Requirement: Every line in the records below with the string "Vintage" needs to be copied out.

/---

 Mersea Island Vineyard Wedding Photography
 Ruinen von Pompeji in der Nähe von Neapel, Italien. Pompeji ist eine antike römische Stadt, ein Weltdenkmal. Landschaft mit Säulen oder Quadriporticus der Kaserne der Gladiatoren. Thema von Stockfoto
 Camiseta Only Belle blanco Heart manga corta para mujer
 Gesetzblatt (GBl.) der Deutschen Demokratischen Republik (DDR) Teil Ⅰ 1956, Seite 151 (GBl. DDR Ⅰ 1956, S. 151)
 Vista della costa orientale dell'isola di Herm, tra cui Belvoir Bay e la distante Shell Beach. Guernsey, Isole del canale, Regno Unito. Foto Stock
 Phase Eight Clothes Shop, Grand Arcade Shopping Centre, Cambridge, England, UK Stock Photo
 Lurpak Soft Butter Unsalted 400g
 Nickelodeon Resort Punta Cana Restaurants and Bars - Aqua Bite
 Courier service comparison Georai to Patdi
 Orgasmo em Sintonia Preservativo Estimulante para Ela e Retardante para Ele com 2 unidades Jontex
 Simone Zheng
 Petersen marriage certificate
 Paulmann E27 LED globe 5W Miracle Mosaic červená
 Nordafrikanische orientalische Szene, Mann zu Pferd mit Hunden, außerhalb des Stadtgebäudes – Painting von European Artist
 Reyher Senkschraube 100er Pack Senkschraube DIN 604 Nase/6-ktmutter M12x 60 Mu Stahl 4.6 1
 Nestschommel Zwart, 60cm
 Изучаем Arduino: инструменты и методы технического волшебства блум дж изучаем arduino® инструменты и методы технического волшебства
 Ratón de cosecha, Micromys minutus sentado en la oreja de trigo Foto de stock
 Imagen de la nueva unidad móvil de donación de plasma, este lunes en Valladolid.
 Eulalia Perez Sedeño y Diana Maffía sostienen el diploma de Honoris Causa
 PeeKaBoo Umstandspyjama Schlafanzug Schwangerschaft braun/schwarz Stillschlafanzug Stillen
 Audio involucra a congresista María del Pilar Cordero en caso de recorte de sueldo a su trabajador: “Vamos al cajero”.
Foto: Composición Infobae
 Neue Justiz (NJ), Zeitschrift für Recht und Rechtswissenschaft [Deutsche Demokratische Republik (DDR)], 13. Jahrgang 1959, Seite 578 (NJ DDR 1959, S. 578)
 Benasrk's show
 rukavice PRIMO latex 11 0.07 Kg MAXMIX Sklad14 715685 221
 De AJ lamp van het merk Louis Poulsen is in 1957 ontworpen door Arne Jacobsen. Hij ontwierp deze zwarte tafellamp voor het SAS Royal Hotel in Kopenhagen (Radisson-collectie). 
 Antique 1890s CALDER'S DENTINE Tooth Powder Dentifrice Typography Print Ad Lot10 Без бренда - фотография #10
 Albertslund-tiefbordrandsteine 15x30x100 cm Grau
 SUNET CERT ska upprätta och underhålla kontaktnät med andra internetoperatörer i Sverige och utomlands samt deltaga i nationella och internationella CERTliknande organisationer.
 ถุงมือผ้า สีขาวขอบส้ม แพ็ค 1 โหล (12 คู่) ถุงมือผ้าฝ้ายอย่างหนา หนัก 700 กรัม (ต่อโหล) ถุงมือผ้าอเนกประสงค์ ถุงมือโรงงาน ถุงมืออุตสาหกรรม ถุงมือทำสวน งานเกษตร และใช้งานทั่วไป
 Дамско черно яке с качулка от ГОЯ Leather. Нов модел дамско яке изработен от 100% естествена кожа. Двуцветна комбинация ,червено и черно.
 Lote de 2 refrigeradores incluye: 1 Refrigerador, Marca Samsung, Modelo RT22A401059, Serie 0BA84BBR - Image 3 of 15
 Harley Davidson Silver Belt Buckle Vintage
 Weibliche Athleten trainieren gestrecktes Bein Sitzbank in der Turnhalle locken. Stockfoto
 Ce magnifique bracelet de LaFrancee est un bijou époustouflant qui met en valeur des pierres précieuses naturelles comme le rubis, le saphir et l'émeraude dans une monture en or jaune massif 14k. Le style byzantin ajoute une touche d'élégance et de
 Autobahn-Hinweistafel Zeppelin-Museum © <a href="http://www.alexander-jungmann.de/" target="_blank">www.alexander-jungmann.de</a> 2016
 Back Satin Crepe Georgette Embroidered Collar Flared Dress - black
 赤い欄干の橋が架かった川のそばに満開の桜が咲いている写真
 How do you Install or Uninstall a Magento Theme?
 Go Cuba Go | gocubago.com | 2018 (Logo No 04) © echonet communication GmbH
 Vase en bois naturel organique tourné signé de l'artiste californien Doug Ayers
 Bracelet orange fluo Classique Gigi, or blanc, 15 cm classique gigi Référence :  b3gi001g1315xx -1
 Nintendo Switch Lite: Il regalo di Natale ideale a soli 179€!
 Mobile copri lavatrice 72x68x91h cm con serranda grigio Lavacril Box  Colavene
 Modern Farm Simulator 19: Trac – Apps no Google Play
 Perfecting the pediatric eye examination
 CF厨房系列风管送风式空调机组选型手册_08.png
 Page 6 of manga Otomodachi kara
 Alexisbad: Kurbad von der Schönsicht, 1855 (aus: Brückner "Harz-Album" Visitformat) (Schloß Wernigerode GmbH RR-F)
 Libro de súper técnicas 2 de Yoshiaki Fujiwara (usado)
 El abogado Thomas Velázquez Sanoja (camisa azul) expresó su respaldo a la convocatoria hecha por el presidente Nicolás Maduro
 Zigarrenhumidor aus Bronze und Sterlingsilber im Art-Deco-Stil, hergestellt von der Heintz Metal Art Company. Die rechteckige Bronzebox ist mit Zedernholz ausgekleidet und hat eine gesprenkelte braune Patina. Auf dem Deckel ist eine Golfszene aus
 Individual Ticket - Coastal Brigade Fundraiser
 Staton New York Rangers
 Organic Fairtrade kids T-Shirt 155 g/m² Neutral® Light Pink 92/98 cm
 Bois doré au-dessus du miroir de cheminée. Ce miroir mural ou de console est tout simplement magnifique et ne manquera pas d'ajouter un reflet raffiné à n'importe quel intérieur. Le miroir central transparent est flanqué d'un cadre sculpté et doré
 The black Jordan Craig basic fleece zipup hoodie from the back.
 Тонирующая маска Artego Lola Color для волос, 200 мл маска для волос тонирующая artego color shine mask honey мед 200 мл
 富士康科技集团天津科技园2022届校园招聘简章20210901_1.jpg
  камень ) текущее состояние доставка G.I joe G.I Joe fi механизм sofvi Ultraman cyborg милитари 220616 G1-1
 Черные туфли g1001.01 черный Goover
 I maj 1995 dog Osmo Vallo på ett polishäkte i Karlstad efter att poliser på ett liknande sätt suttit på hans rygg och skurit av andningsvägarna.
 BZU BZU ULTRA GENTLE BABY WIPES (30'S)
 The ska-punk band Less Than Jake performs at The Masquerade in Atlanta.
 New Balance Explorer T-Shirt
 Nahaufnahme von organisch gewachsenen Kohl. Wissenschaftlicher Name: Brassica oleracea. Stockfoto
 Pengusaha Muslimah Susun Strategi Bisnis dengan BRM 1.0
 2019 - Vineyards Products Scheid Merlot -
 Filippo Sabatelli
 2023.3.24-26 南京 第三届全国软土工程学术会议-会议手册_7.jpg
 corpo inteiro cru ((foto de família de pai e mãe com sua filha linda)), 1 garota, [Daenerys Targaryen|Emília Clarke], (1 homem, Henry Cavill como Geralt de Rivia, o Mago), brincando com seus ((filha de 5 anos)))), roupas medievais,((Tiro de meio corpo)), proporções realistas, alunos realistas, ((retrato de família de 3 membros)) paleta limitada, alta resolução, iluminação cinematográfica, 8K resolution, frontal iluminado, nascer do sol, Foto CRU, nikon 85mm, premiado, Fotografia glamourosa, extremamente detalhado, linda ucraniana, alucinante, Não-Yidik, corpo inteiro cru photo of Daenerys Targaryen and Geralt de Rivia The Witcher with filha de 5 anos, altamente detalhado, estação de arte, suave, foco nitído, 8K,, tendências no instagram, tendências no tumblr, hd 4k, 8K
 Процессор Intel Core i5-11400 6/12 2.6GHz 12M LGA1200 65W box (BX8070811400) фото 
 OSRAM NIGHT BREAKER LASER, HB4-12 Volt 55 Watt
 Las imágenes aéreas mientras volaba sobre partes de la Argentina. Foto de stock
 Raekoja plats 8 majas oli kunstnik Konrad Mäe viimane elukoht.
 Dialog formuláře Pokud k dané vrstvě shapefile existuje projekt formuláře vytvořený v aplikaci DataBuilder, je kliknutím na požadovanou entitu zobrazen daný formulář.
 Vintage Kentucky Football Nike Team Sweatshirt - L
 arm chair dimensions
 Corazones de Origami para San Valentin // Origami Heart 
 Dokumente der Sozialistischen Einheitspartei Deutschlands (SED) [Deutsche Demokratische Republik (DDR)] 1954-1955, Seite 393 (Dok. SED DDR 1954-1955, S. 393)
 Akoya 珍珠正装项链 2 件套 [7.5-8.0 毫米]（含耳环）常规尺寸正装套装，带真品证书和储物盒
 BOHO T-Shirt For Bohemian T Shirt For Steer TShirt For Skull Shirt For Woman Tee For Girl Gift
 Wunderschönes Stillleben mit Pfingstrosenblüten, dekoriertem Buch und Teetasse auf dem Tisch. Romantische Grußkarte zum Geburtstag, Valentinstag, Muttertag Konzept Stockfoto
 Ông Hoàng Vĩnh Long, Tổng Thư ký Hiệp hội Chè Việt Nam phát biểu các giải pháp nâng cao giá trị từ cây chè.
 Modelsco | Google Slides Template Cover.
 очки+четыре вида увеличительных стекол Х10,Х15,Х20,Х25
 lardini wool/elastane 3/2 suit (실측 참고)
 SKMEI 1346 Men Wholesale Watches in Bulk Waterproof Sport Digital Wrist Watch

\---

Answer box:
 Harley Davidson Silver Belt Buckle Vintage
 Vintage Kentucky Football Nike Team Sweatshirt - L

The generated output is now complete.